Among the entries below, find the line with "conceptd 9 pro" and the line with "にやにやトムオードリース分解するFenteer 2本 スプレーボトル". Return exactly those lines and every line between them, but no pictures.

**DATA SHOWN:**
- - - - - - -
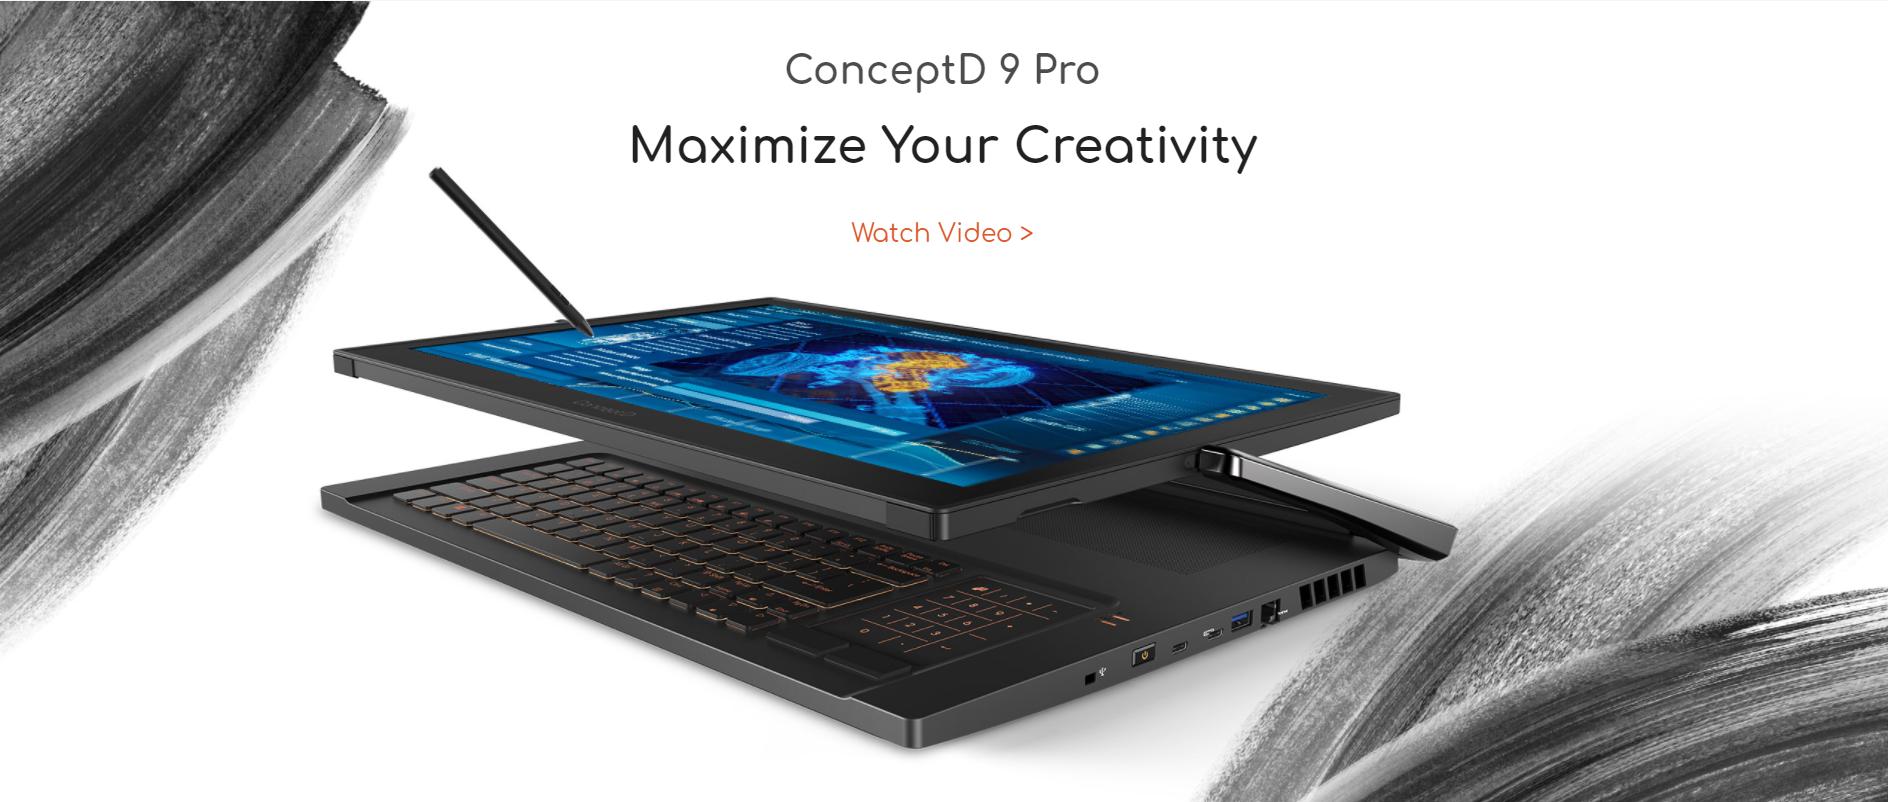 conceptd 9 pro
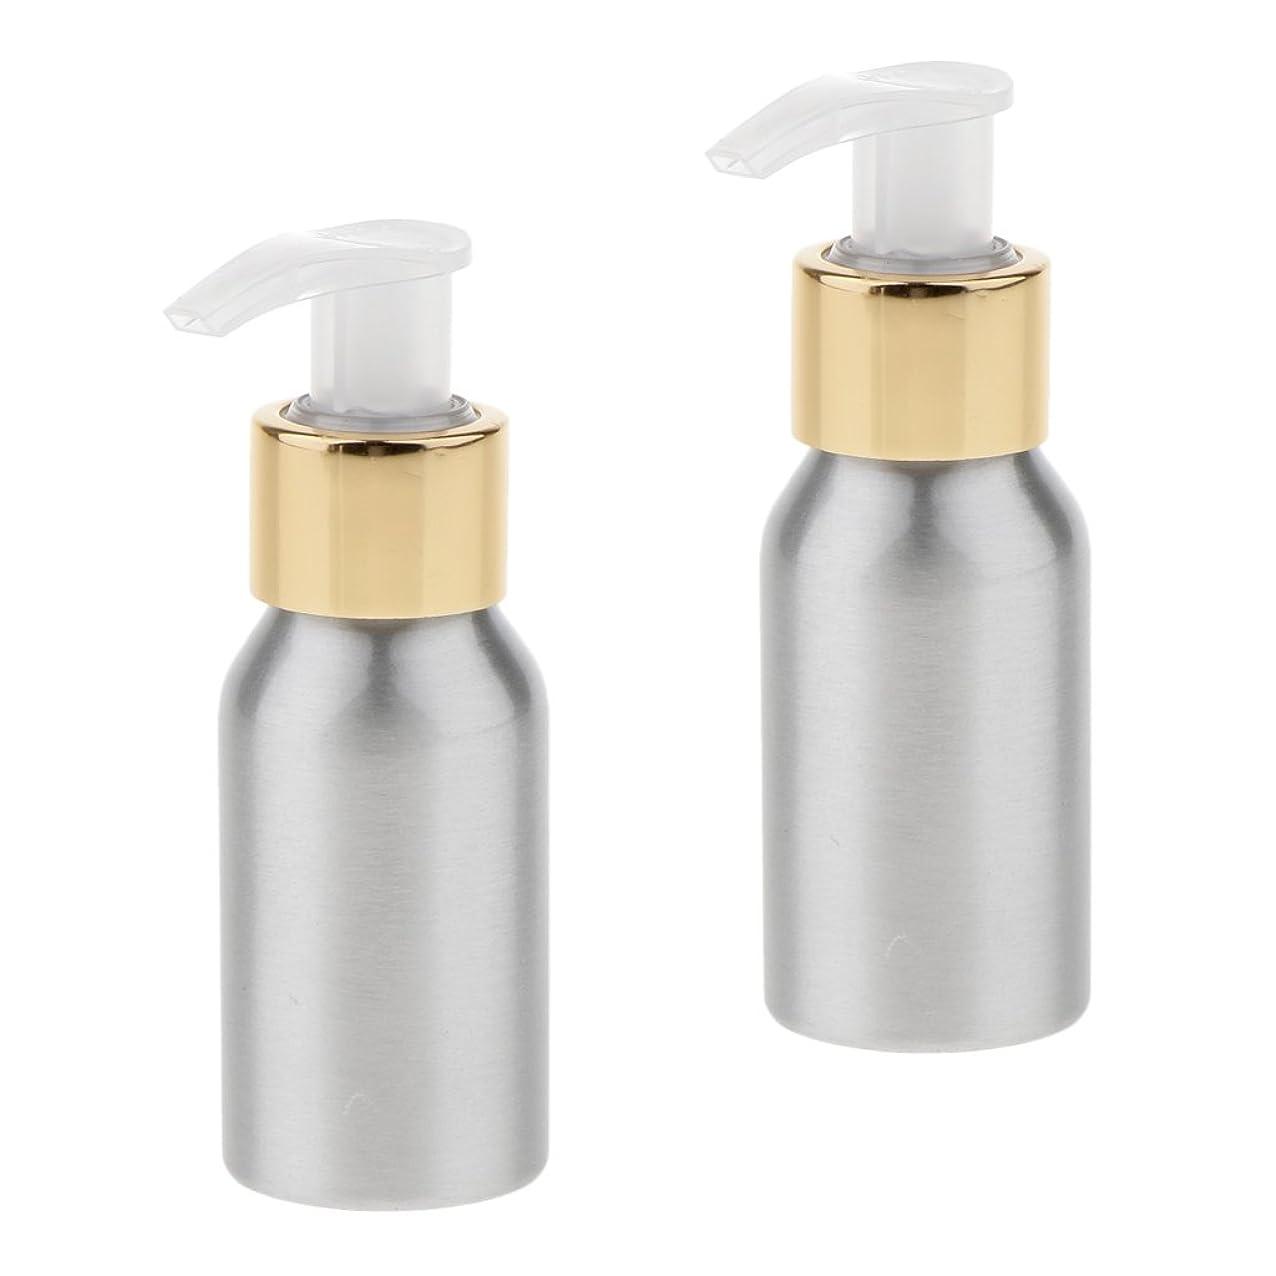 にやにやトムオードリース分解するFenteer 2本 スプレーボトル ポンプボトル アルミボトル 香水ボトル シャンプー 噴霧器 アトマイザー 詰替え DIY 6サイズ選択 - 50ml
- - - - - - -
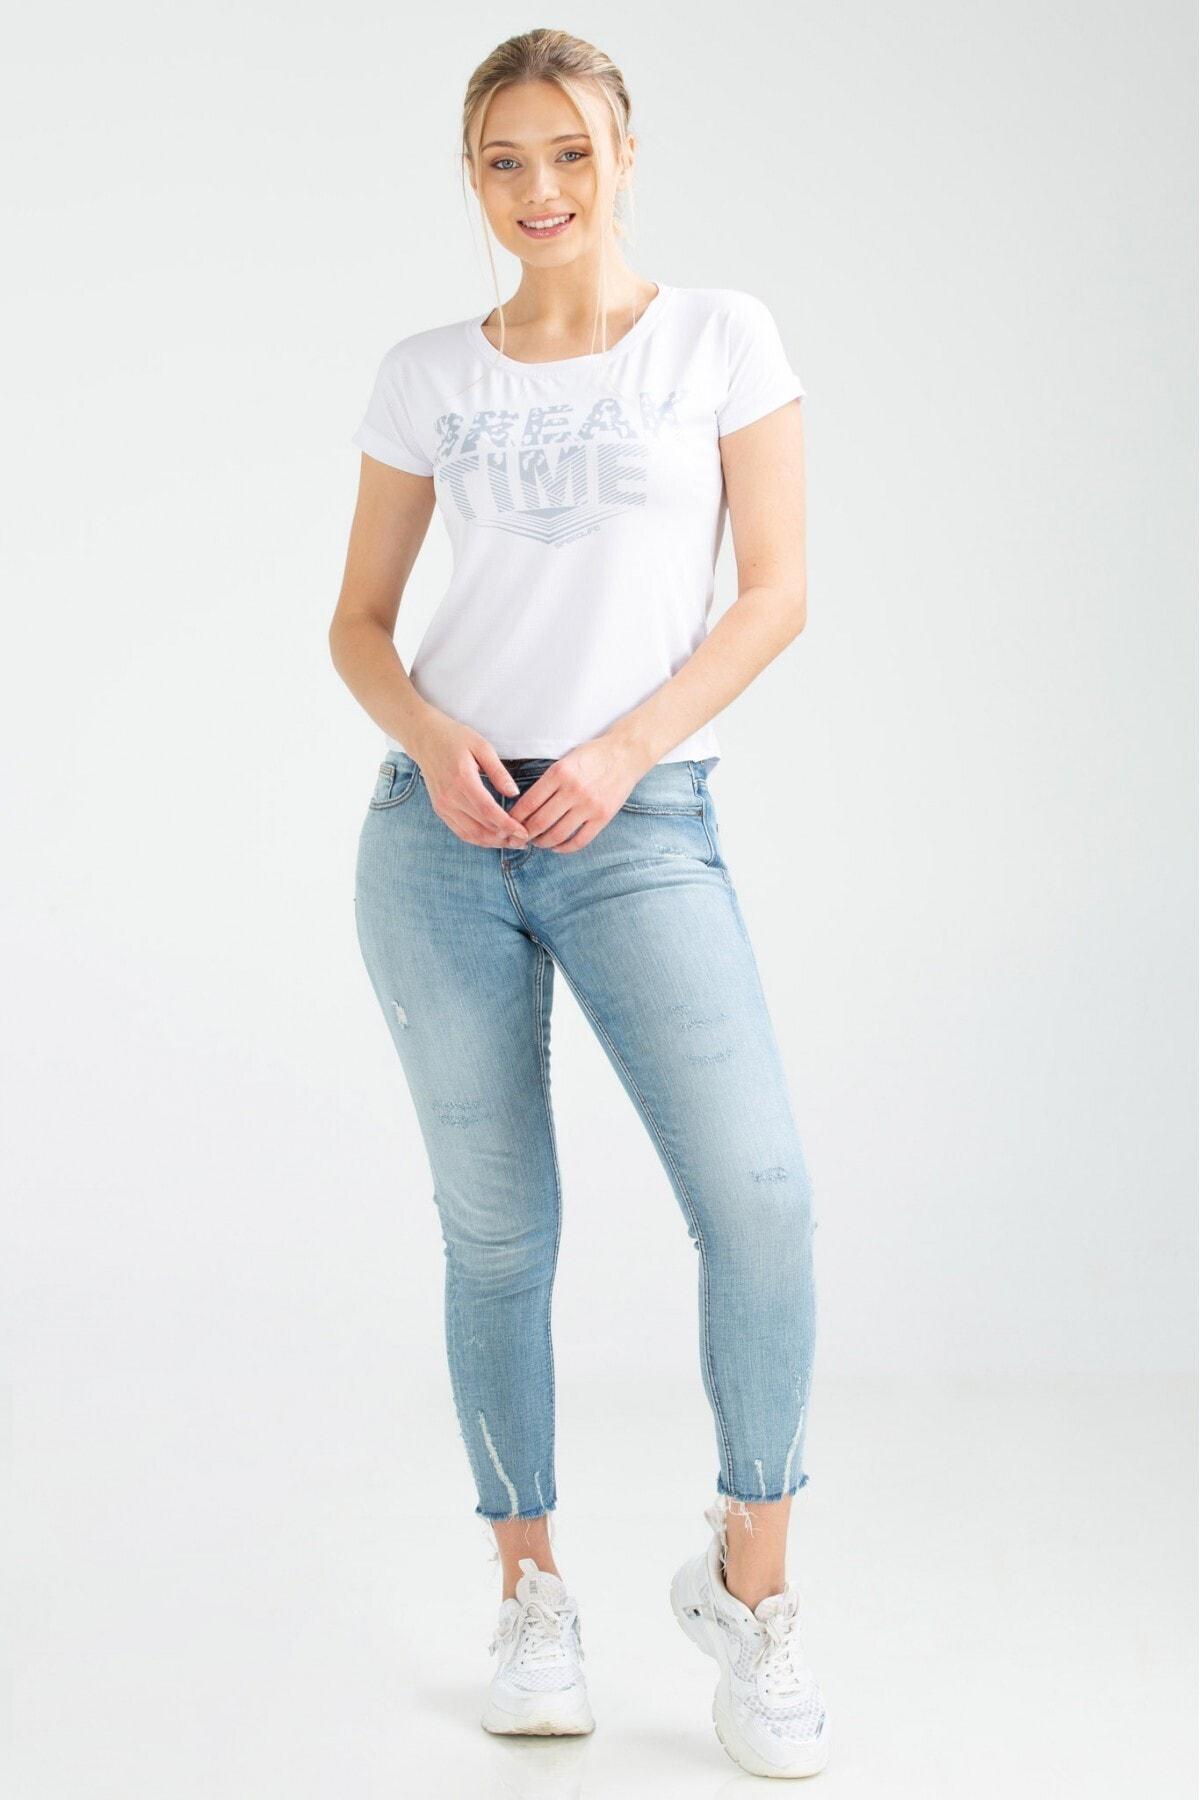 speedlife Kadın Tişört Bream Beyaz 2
- - - - - - -
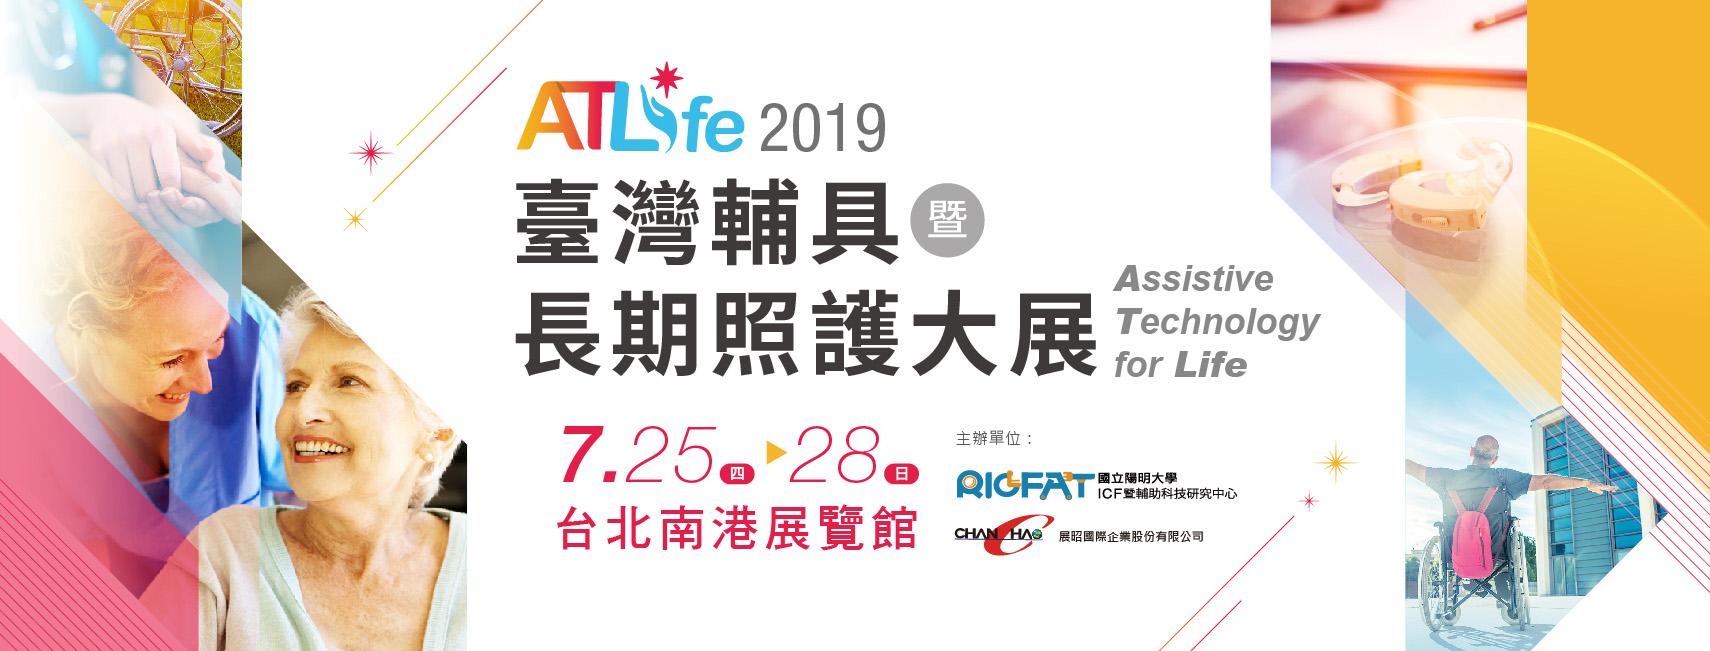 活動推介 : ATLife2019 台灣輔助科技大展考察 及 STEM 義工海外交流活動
- - - - - - -
**WRITTEN ANSWER:**
 conceptd 9 pro
 にやにやトムオードリース分解するFenteer 2本 スプレーボトル ポンプボトル アルミボトル 香水ボトル シャンプー 噴霧器 アトマイザー 詰替え DIY 6サイズ選択 - 50ml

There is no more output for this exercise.